Он давно ни с кем не был откровенен. Он не подозревал, что существует человек, которому он признался бы в своих терзаниях. С братом Митяем расстался мальчишкой. Они, родившиеся с разницей в несколько дней, пацанами были очень дружны, хотя Митяй всегда покровительствовал и выставлял себя старшим, Васятка почти не возражал. И теперь он, точно в детстве, открылся старшему брату, точно зная, что его признания никуда дальше не уйдут.
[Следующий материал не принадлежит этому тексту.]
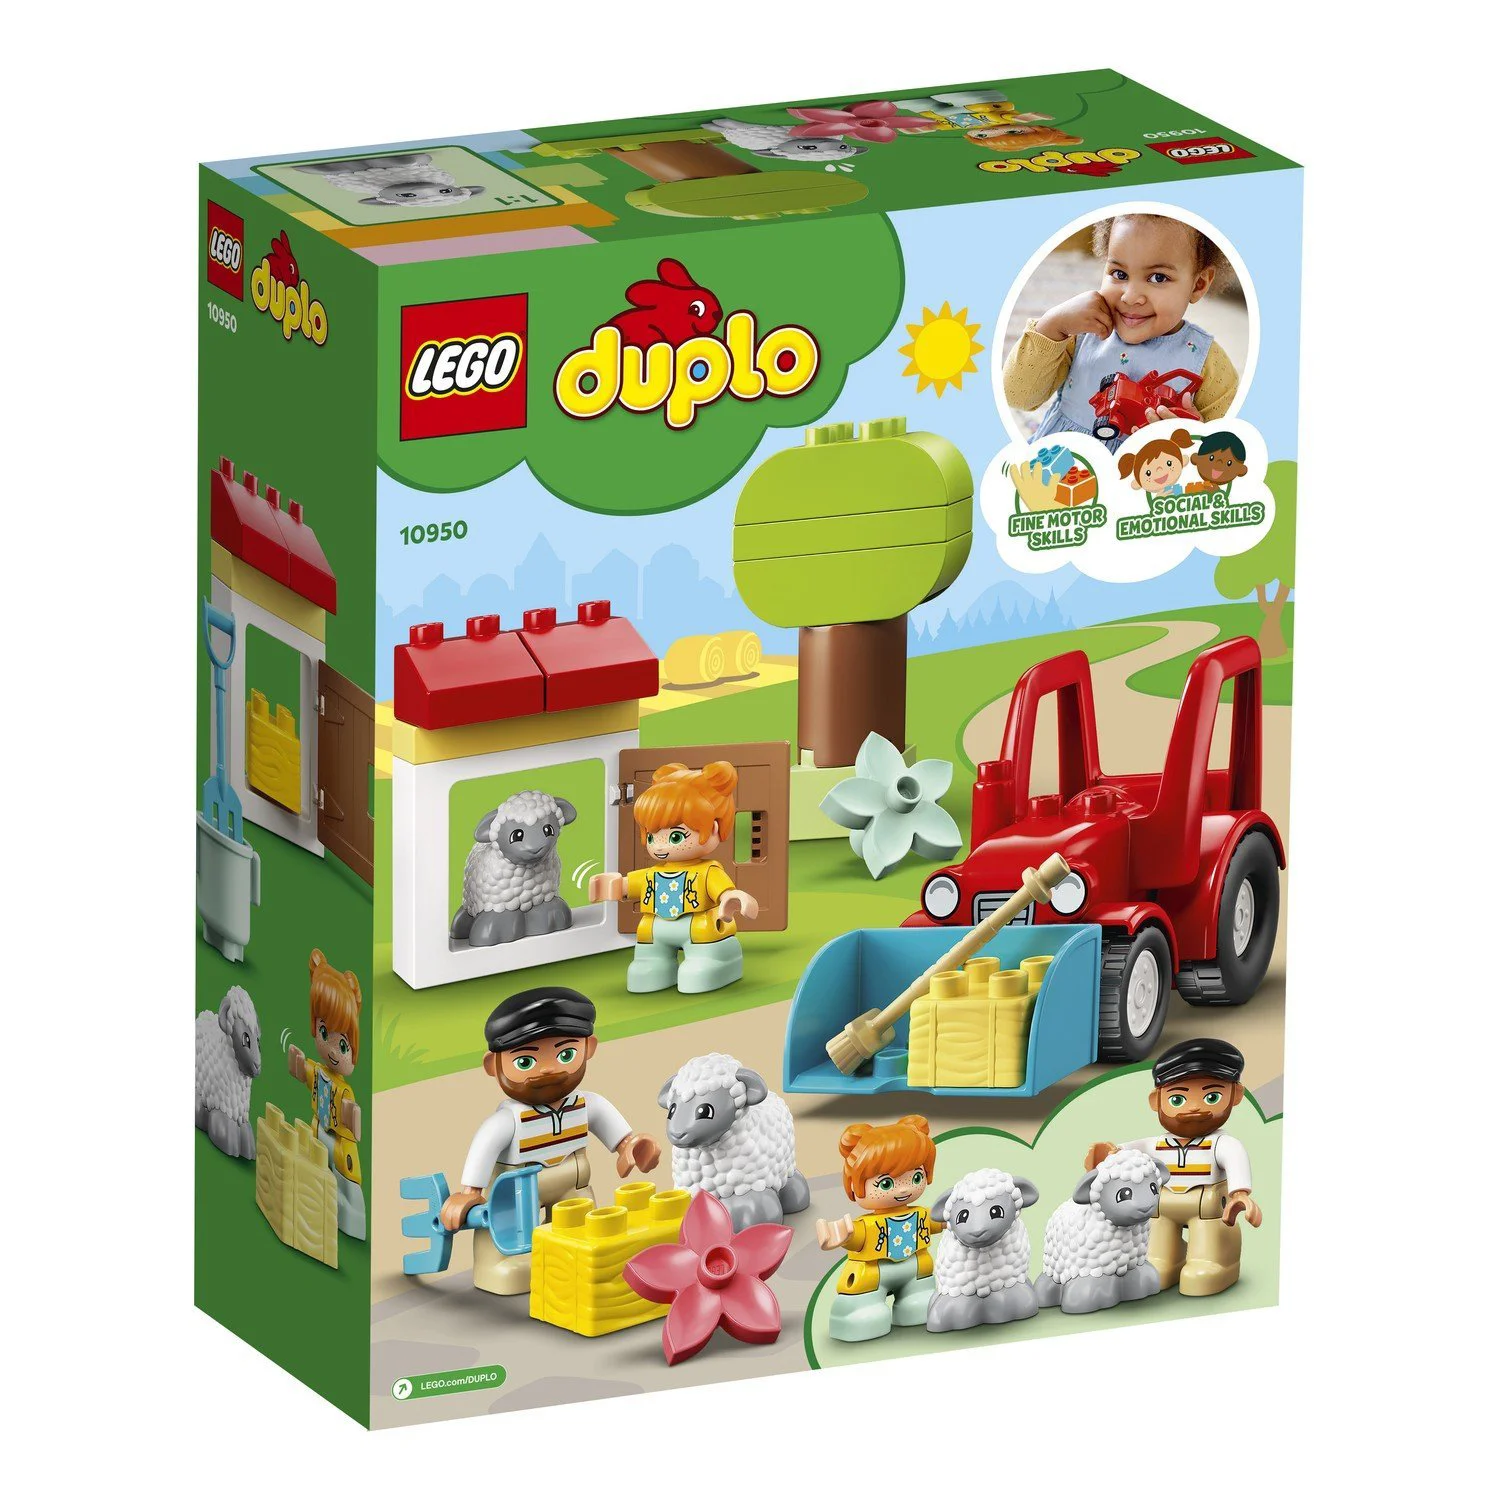 Lego Duplo Town Фермерский трактор и животные

Митяй не даст ему совет, Митяй вообще может не понимать, о чем рассуждает начитанный Васятка, а то и высмеять его проблемы. Но редкая возможность выговориться для Васятки значила больше, чем дюжина советов.
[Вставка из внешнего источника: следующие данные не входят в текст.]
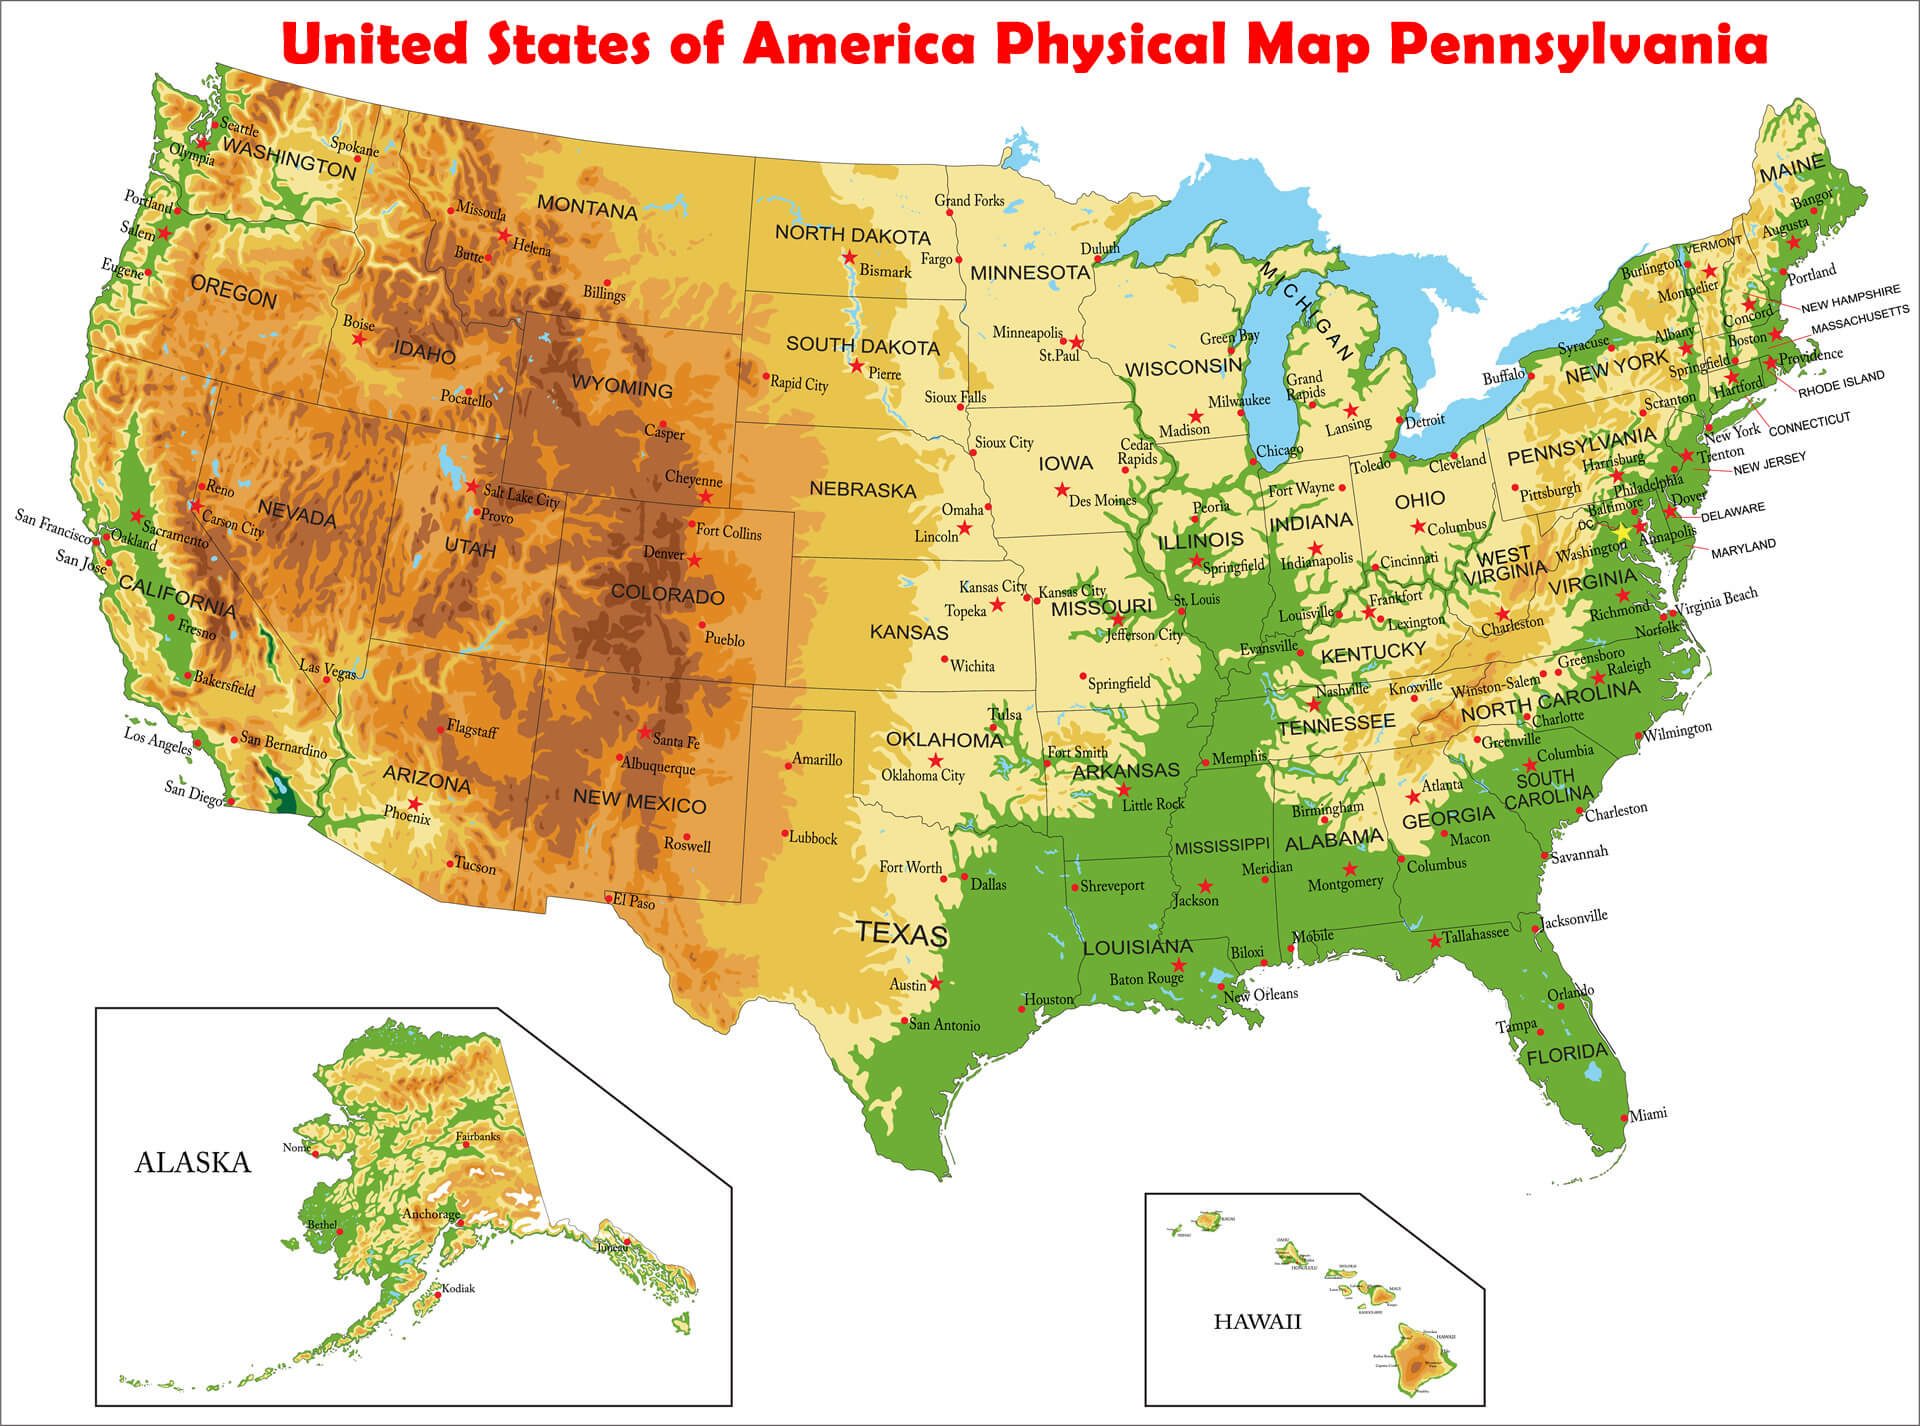 les etats unis d'amerique physique carte pennsylvania

– Хочешь пройти под моим руководством курс молодого бойца? – снова ткнул его кулаком Митяй. – Начнем с расстегивания штанов…
– Иди ты! – в ответ ударил его Василий.
У них и в детстве так бывало: задушевная беседа на сеновале или на рыбалке, когда не клевало, заканчивалась потасовкой. Будто волнение, вызванное обсуждением секретной или заумной темы, не находило иного выхода, кроме как в драке.
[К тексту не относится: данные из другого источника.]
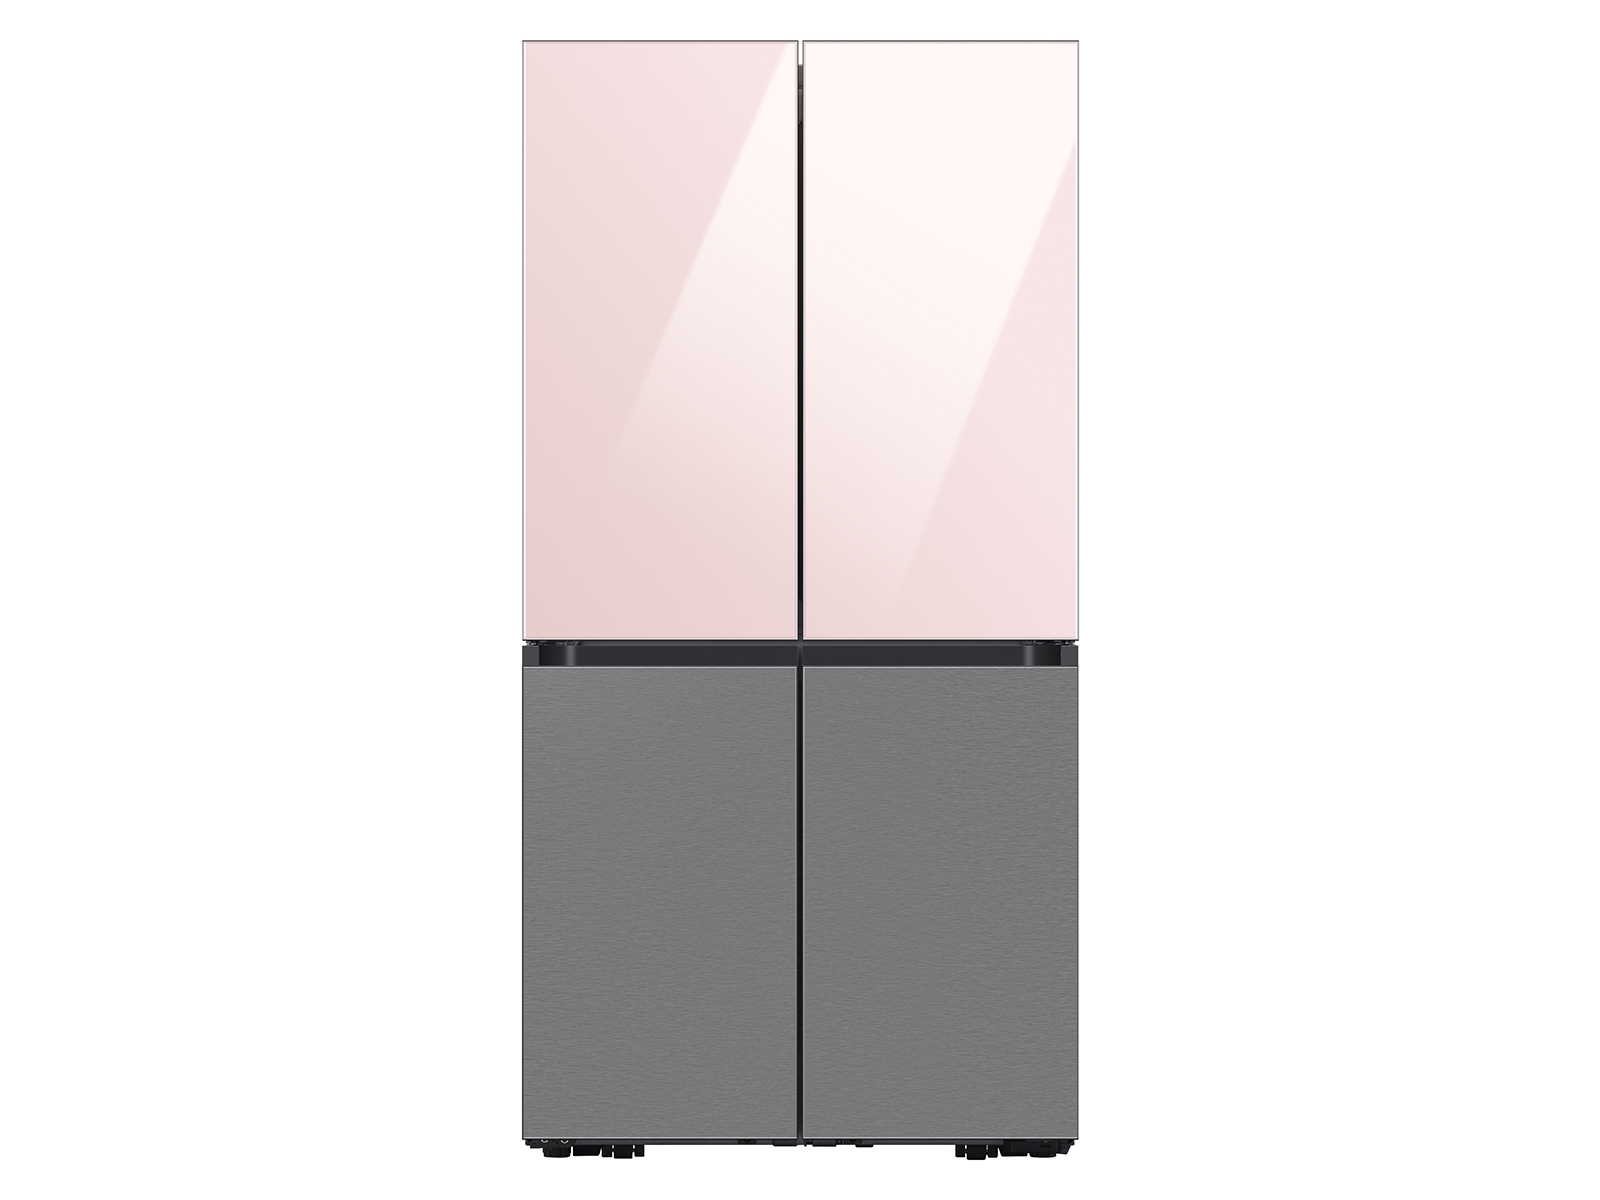 Thumbnail image of Bespoke 4-Door Flex™ Refrigerator Panel in Pink Glass - Top Panel

– Вот вы где! – Под лестницу заглянула медсестра Галя. – Что здесь происходит? Раненые Фролов и Медведев! Немедленно прекратите!
Контуженый и безногий дубасили один другого, катаясь среди мешков с грязным бельем.
– Галя! – радостно воскликнул Василий. – Отстань, пошел вон, – отшвырнул он Митяя. – Найди мои очки! Галя, как хорошо, что вы пришли! Я страшно виноват перед вами, – он поднял руку с просьбой помочь ему встать.
Последний час Галя проплакала, лицо у нее было опухшим, носик покраснел, но держалась она строго – хотя и с трудом, но заставила себя вернуться к служебным обязанностям. Которыми манкировала. Он так сказал. Слово было не ругательным, как объяснила старшая медсестра, означало – «пренебрегать», но все-таки обидным. Галя более не собиралась выказывать лейтенанту Фролову симпатию. Напротив – презрение. Однако помочь инвалиду встать и подать костыли – ее прямой долг. Кроме того… Василий выглядел таким пристыженным, раскаявшимся, лохматым и очень милым.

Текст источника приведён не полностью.